Estos paisajes integran destinos, historias, miradas, viajes y modos de existir. No hay linealidad, aunque el orden parezca secuencial. La obra es un cruce de muchas orillas. No obstante, ninguna sugiere un límite. Tal como la complexión transparente de la estructura, los paisajes en su interior están abiertos al diálogo con la sensibilidad del otro.
El montaje de esta exposición duró varios días y fue una performance. Artista, objetos y transeúntes, durante el proceso de instalación de la muestra, recuperaron vivencias. Inevitablemente, estos “peroles” estaban vinculados al alma de cada quien. Quienes pasaban por ahí decían con entusiasmo y nostalgia: “Son fragmentos de tiempo”, “mira, sí hay punto”, “yo tuve uno de esos”, “esto somos nosotros”.
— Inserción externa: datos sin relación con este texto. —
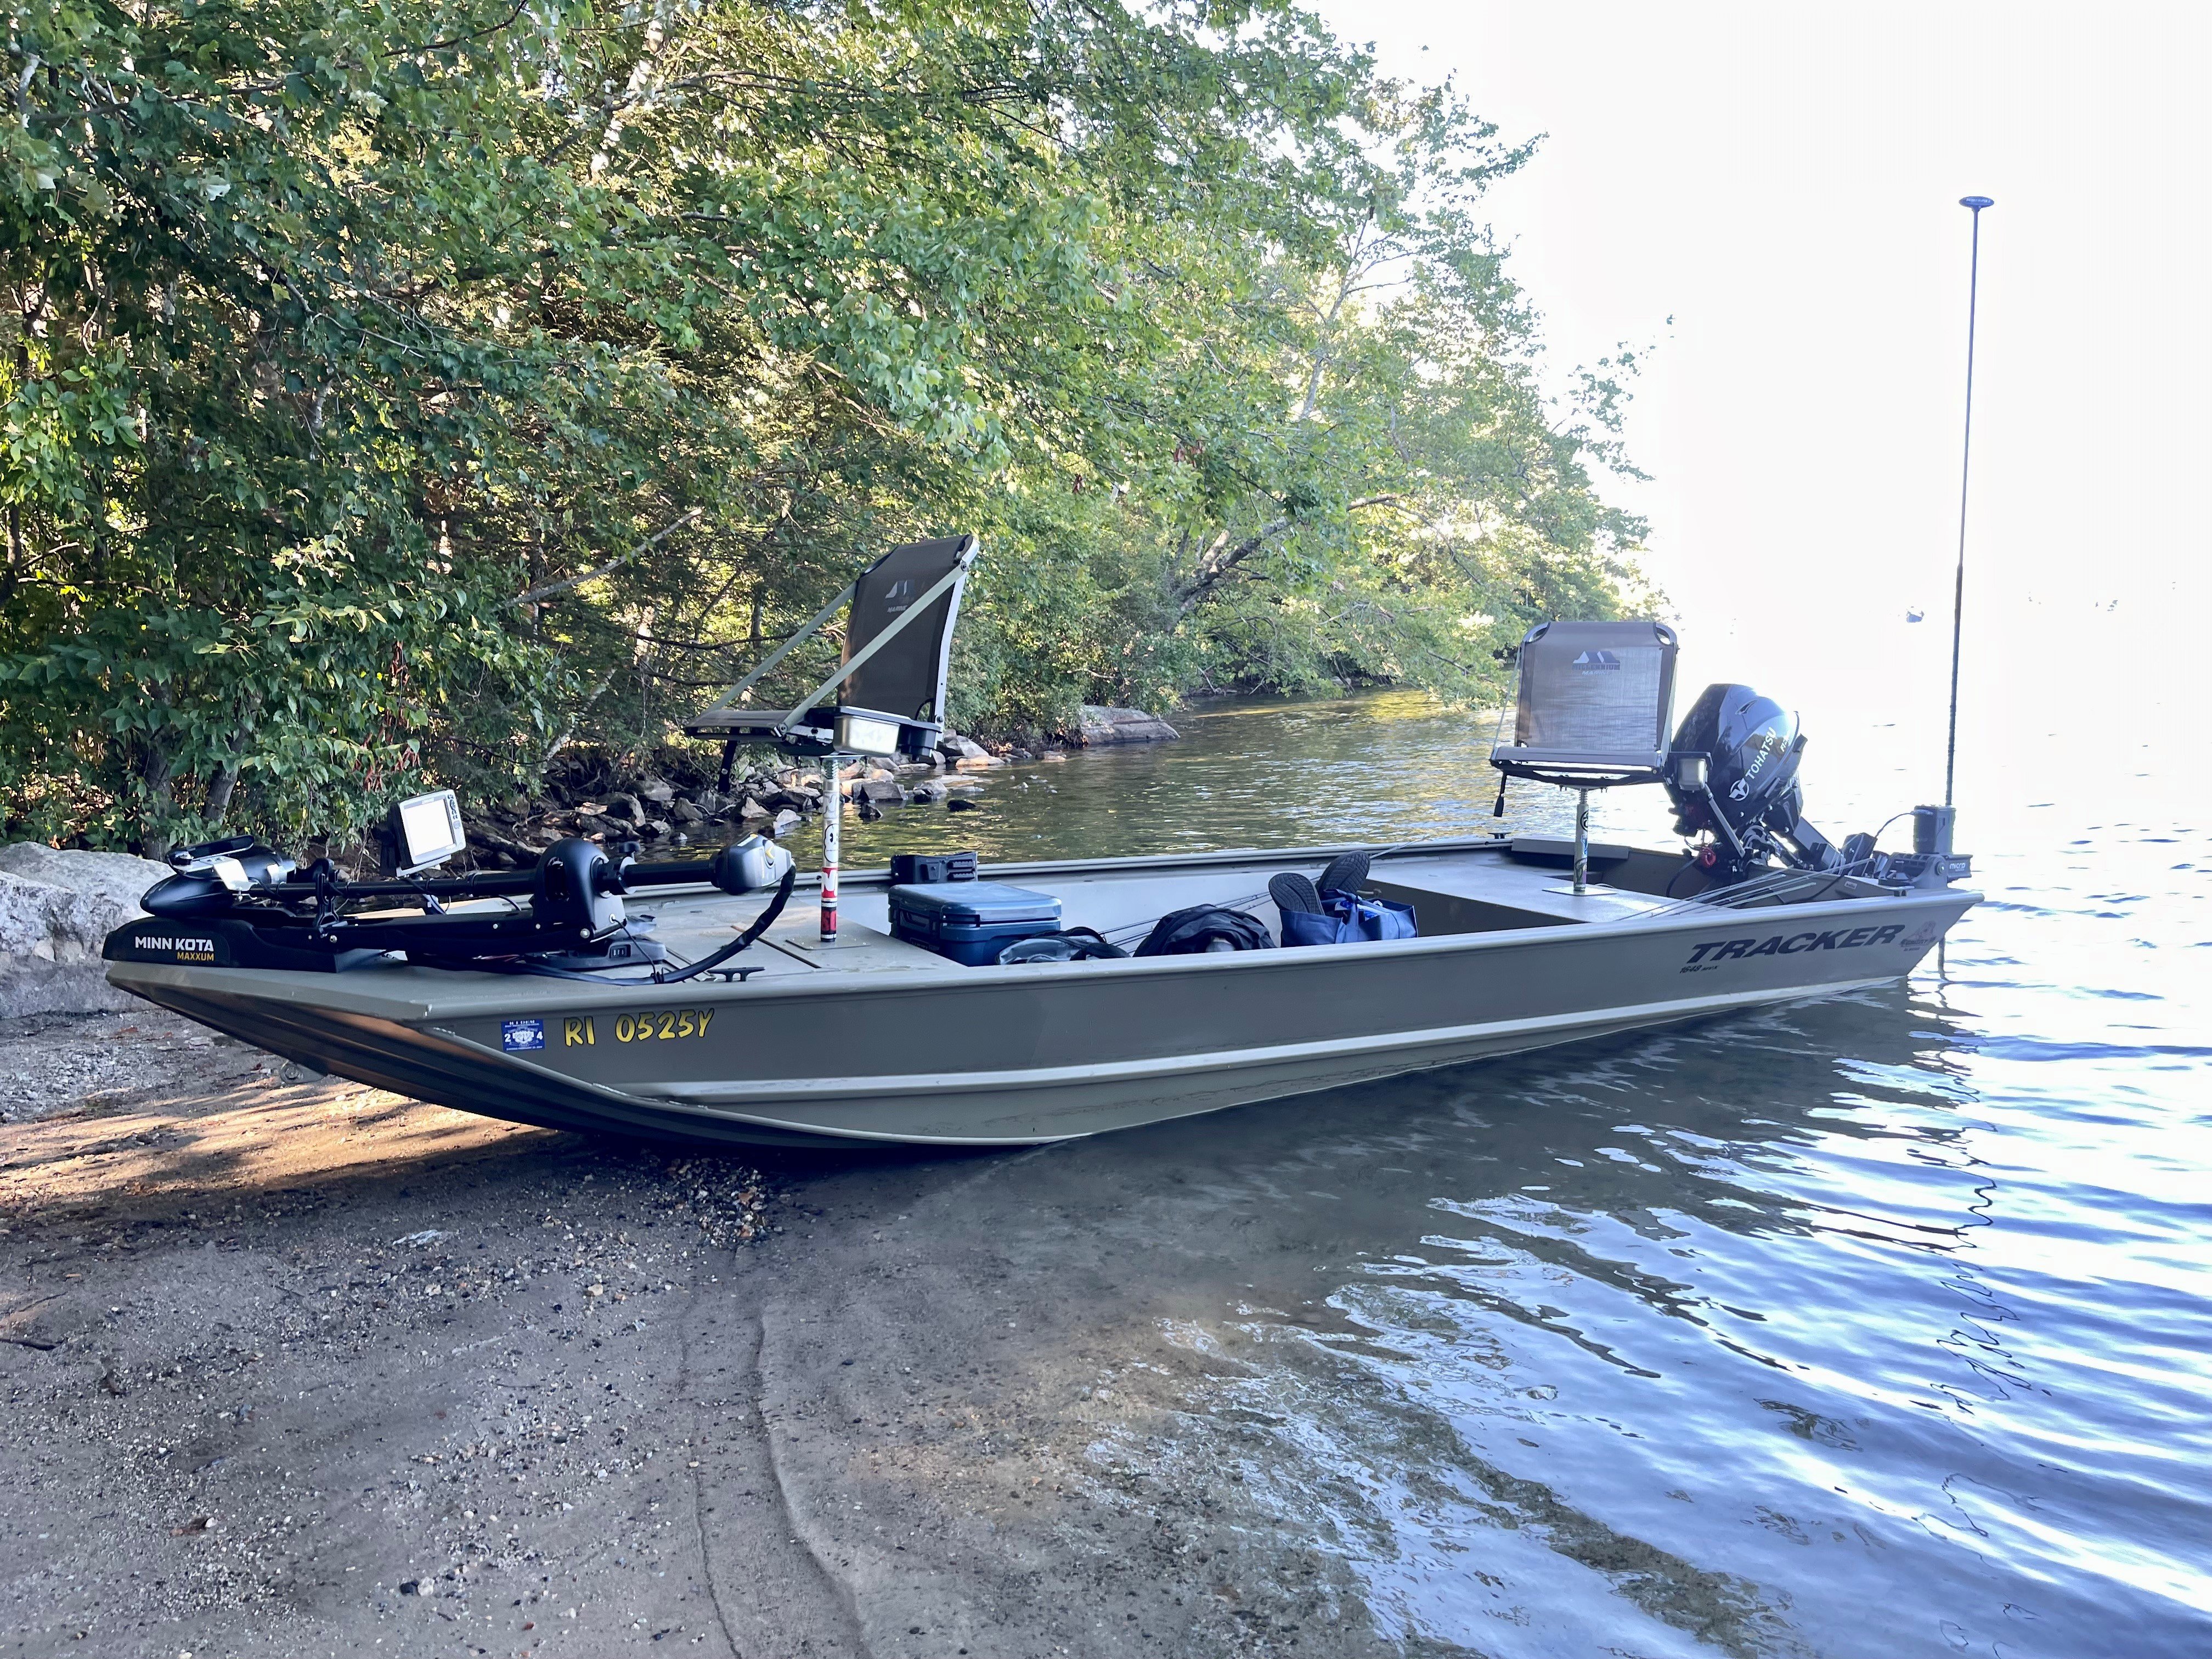 New Boat Build-Tracker Grizzly 1648 - The Underground - Swimbait
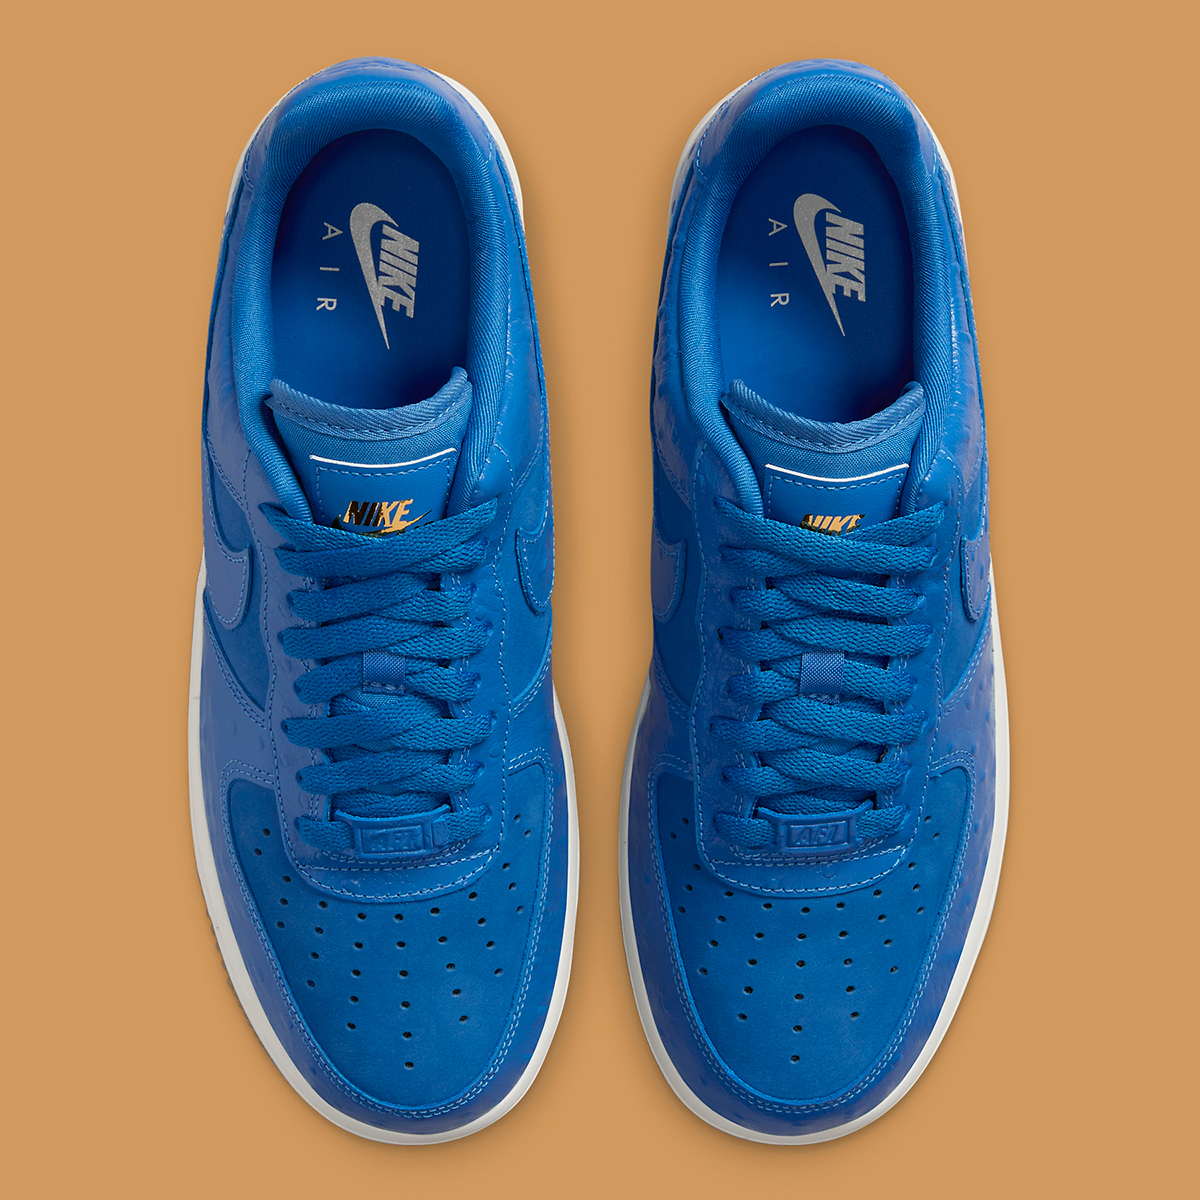 the legendary Nike Les SB joins forces with John Vitales Low Blue Ostrich Dz2708 400 7

¿Por qué algo que suele ser invisible, como los objetos desechados, se hizo visible de forma tan contundente es esta instalación? Tal vez porque Asprino con su obra acerca al ser humano a las orillas de la existencia y de la cultura. Ahí le devuelve al alma sus objetos perdidos, le recuerda las fortalezas ganadas, las lecturas hechas, los juegos de la infancia y las imágenes cotidianas de las ciudades de Venezuela: mantas de buhoneros, maletas de inmigrantes y suelas desgastadas de tanto “patear” la calle.